For almost a year after our observation that the pSCl0l plasmid could be used for cloning foreign DNA in E. coli, this plasmid was the only replicon demonstrated to be suitable for this purpose. During that period, and prior to the publication of the NAS Committee's letter, control of dissemination of this plasmid to members of the scientific community was voluntarily exercised by those scientists having the plasmid in their possession. Before sending the plasmid to another scientist, I required a statement indicating that it would not be used to introduce any oncogenic virus DNA or disease-causing human virus DNA into bacteria. In addition, recipients of the plasmid were asked to agree not to use it for creation of antibiotic resistance combinations that were not known to exist in nature. Finally, scientists who received this plasmid were asked to agree not to distribute it outside of their laboratories.
Although the restrictions noted above are somewhat less stringent than those specified in the Committee's letter, they have a basic similarity to what was finally agreed upon by the group. In addition, I think it is important to point out that this approach, which was taken voluntarily by me and agreed to by recipients of the pSCl0l plasmid, represented de facto by those scientists in possession of what was at that time an essential tool for exploitation of the molecular cloning technology. So far as I know, no scientist receiving the plasmid has violated his agreement, despite my obvious lack of ability to enforce compliance once the plasmid had been given out. It is worthwhile noting that this kind of responsible self-regulation by all scientists involved was carried out in the absence of the more recent and very substantial peer group pressures that have resulted from publication of the NAS Committee letter.

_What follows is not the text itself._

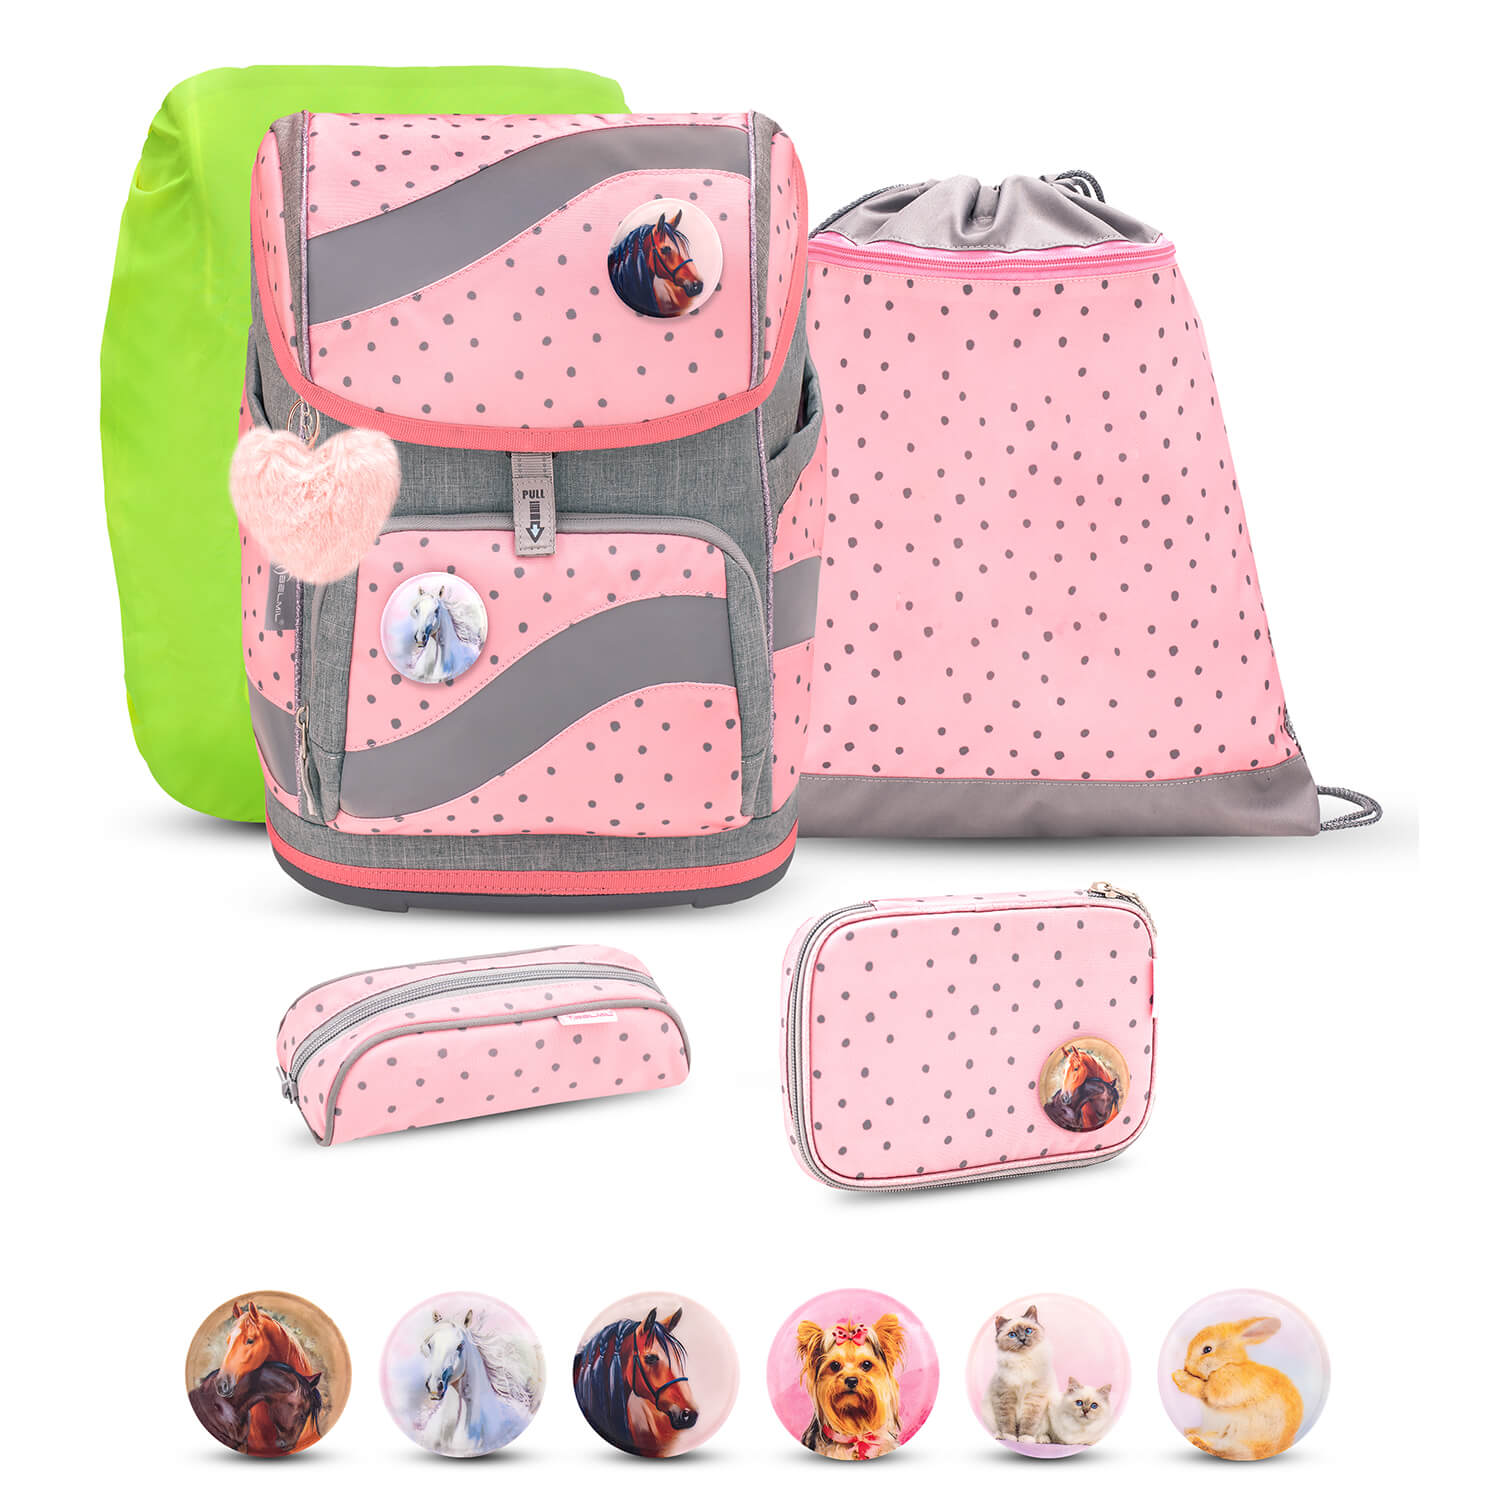 Smarty Pink Dots 2 schoolbag set 6 pcs

Despite the very few instances, of which we are both aware, of scientists who may have been prepared to carry out experiments that we would both agree are potentially hazardous, I agree strongly with Josh's point that the majority of scientists are "so law abiding and generally so responsive to social sanctions that many of these concerns have been internalized, and are accepted informally without fuss and question." Thus, the self restraint that was informally accepted last year and early this year in the absence of any official restriction was sufficient to prevent potentially hazardous experiments from being carried out.
As I mentioned to you when we spoke last week, I too am concerned that the interpretation of the Committee's report put forth by much of the lay press may result in attempts by some to impose from without stringent restrictions concerning the kinds of experiments which should or should not be done. I urge you in your forthcoming discussions in England to stress that even prior to the Committee's letter, scientists were in fact highly responsible in establishing, on their own, a mechanism for self-regulation of experiments of the type dealt with in the Committee's report.